Son principe est qu'il n'y a qu'un seul Dieu non engendré. Tout le reste ne peut être que créature. Le Fils n'est donc pas engendré, il est créé, il n'est pas de substance et de nature divine, il n'est pas Dieu ; de même que l'Esprit. Il invoque les textes suivants : Proverbes 8, 22 ; Marc 10, 18 ; 13, 32 ; Jean 5, 13 ; 14, 28 ; 17, 3 ...

Arius est excommunié par un concile d'Alexandrie, mais il refuse la condamnation et cherche des appuis en orient. L'affaire se complique et l'empereur Constantin convoque un concile œcuménique à Nicée pour ramener l'unité dans l'Eglise.

 

Le concile de Nicée (du 20 mai au 19 juin 325)

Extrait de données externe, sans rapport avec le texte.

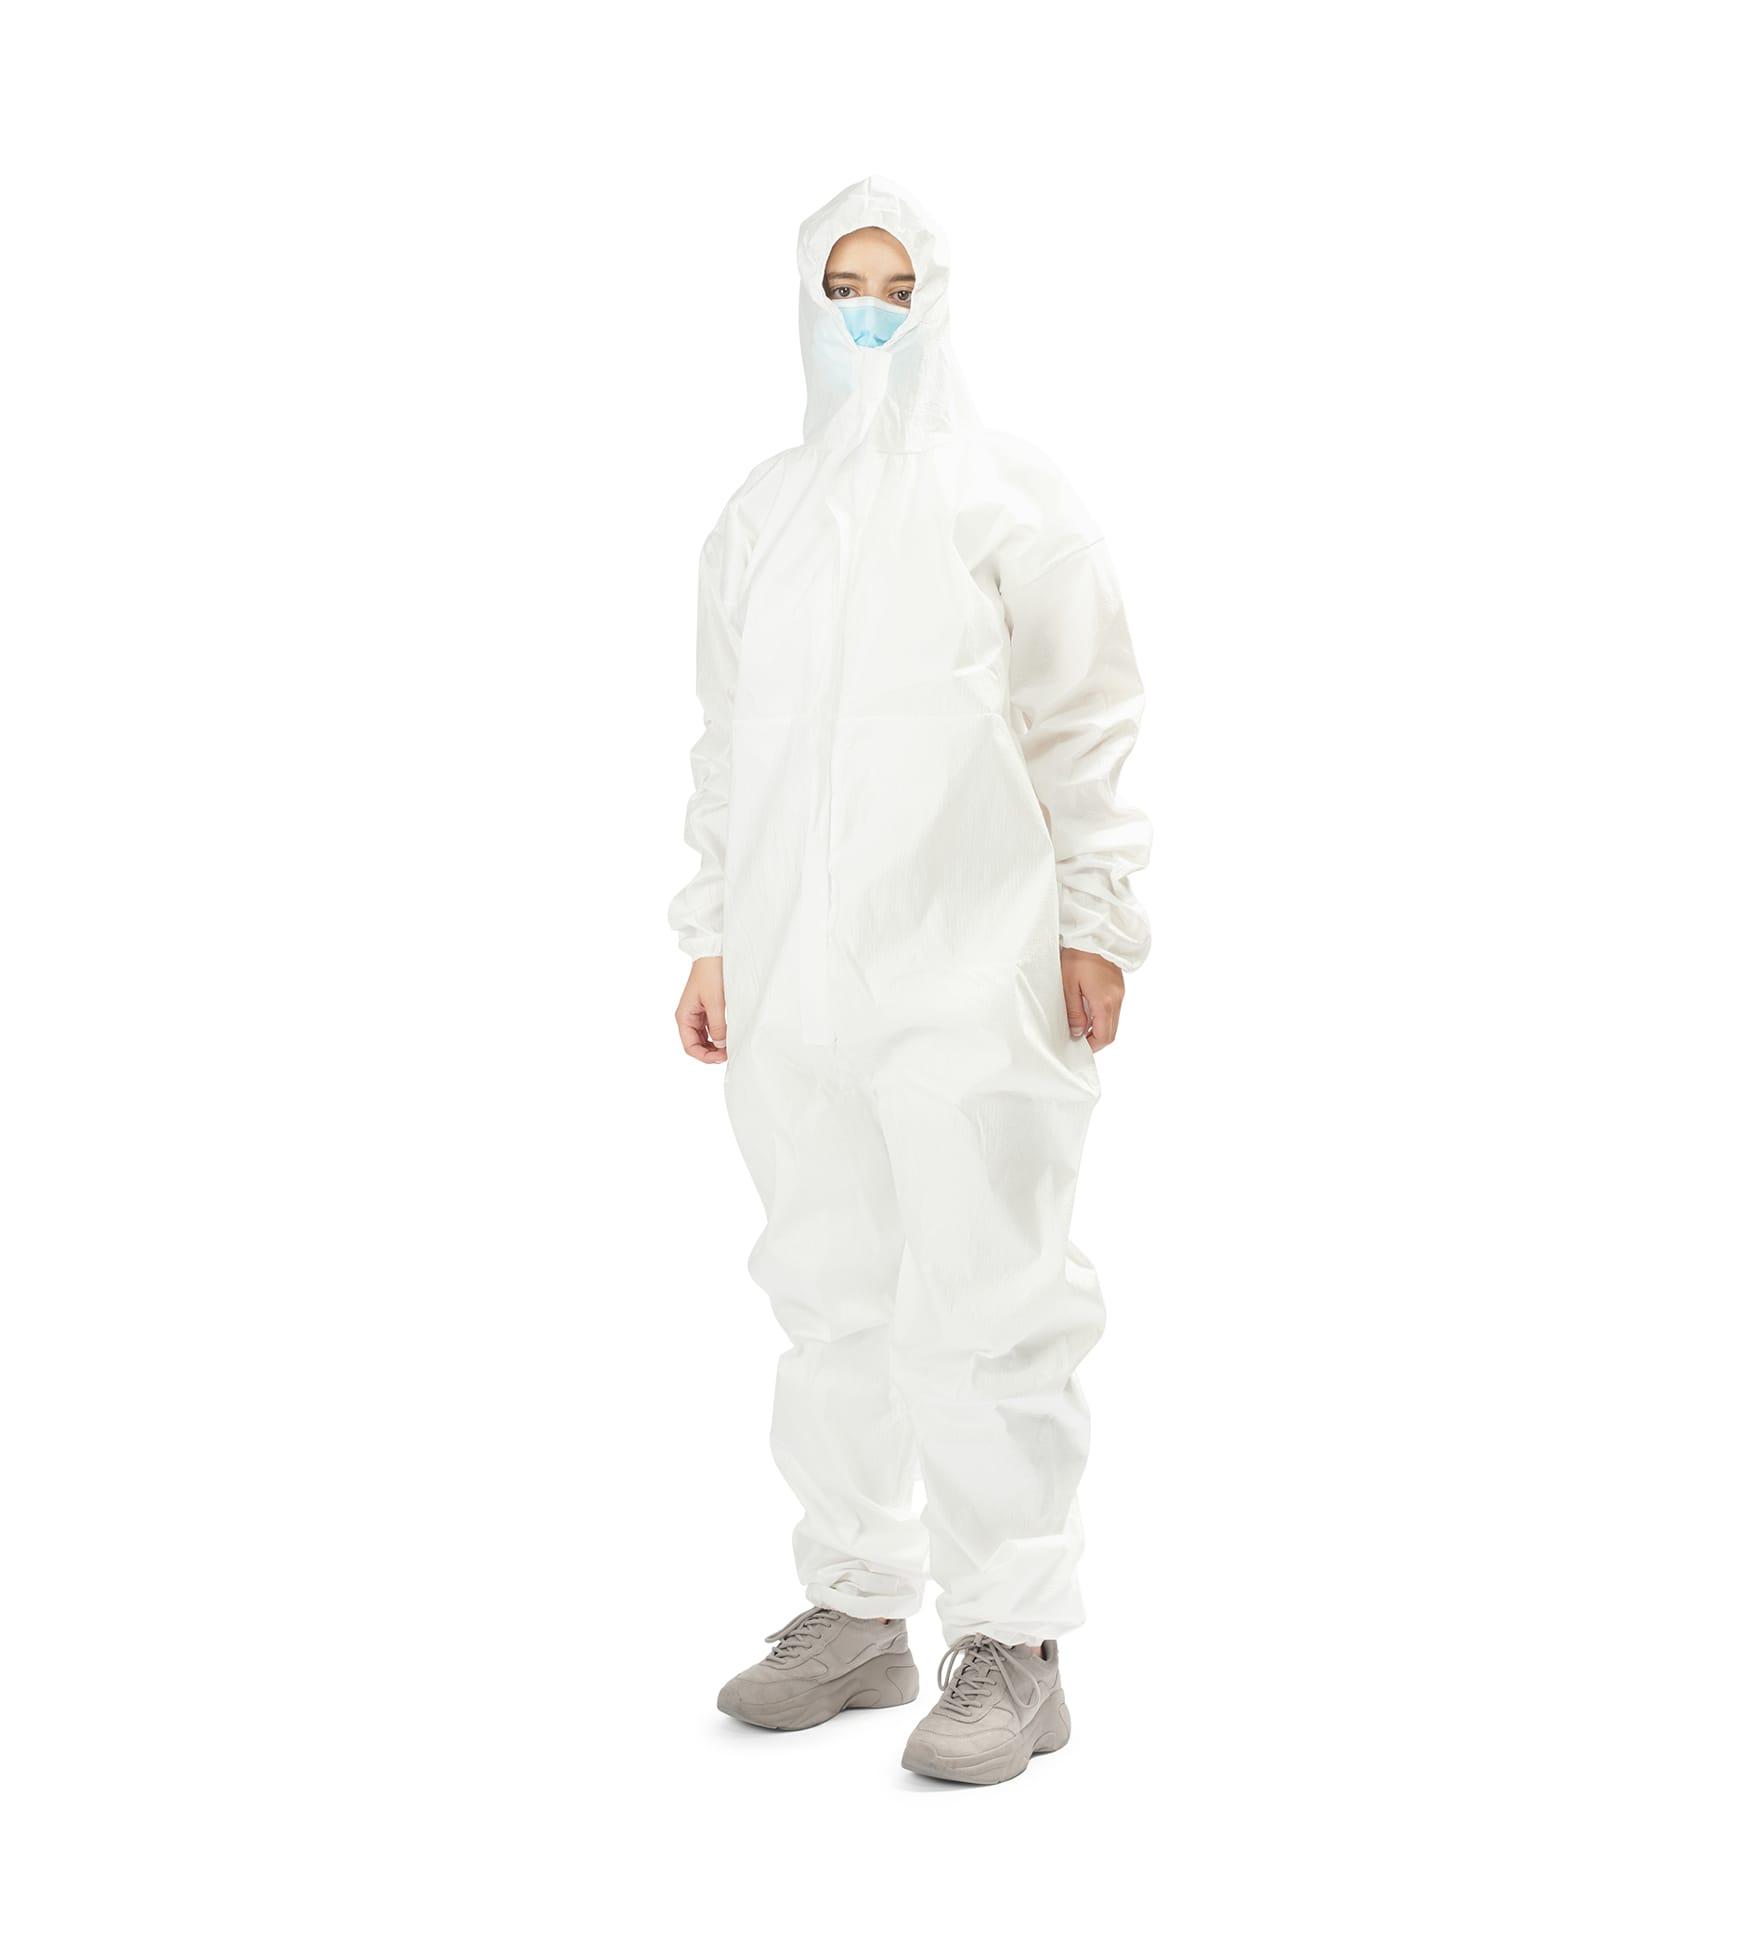 fatos de proteção impermeáveis 1 - waterproof protective coverall - clothe protect

Les tendances des évêques présents :

  • Un petit noyau formé des ariens groupés autour d'Eusèbe de Nicomédie.
  • Un centre mené par Eusèbe de Césarée associe des subordinatianistes modérés et des théologiens incertains et timides plus soucieux d'unité que de précision.
  • Ceux qui ont décelé le danger de l'arianisme :
    • L'évêque d'Alexandrie, Alexandre accompagné de son diacre Athanase
    • Le conseiller de Constantin : Ossius de Cordoue
    • Les sabelliens Eustathe d'Antioche et Marcel d'Ancyre.

Les débats

  • Les critiques portées à l'encontre de l'arianisme sont les suivantes :
    • L'arianisme sape le monothéisme
    • L'arianisme pose le problème de la médiation du Christ et donc du salut. Comment l'homme peut-il être racheté si le rédempteur n'est pas Dieu ? Cet argument a fait toute la différence, car il met l'accent sur la spécificité du christianisme, à savoir que la créature ne se sauve pas elle-même, mais que le salut vient de Dieu. C'est pourquoi le Fils est Dieu, puisqu'il sauve.
  • La conclusion
    Les membres du concile affirment la divinité de Jésus en déclarant le Fils consubstantiel (homoousios) au Père, c'est-à-dire de la même essence.

 

Les suites du concile de Nicée

Le problème n'est pas réglé pour différentes raisons :

  • Les raisons linguistiques
    L'occident s'exprime en latin et l'orient en grec, et cela crée des ambiguïtés. De nombreux évêques orientaux n'apprécient pas le terme consubstantiel, surtout lorsqu'il est employé par un occidental. En effet, en grec il signifie : de la même essence (du mot ousia présent dans homoousios = consubstantiel). En latin, ousia est traduit par substantia = substance, qui exprime une notion plus physique que ousia, et qui est donc plus proche du mot personne. Les orientaux suspectent donc toujours les occidentaux de sabellianisme, et les occidentaux considèrent toujours les orientaux comme de possibles ariens.
    Les évêques orientaux multiplient les formules pour tenter de remplacer le terme consubstantiel. C'est ainsi que naissent les thèses suivantes :
    • La formule du concile d'Antioche de 341 qui rejette le consubstantiel de Nicée tout en affirmant les 3 personnes et la divinité du Christ.
    • L'anoméisme (du grec anomoios = différent) d'Aèce (en 355) ; pour lequel le Fils est totalement différent du Père.
    • La formule du concile d'Ancyre de 358 qui rejette toujours le terme consubstantiel mais qui affirme que le Fils est coéternel avec le Père et semblable à lui selon la substance.
    • L'homéisme d'Acace proposé au concile de Sirmium en 359. C'est une formule vague qui présente le Fils semblable au Père en toutes choses et selon les Ecritures.
    • La formule de Basile de Césarée (vers 375) qui définit la Trinité comme une substance en 3 personnes et qui rejoint la position occidentale.

Quoi qu'il en soit, le débat devient de plus en plus compliqué jusqu'en 381.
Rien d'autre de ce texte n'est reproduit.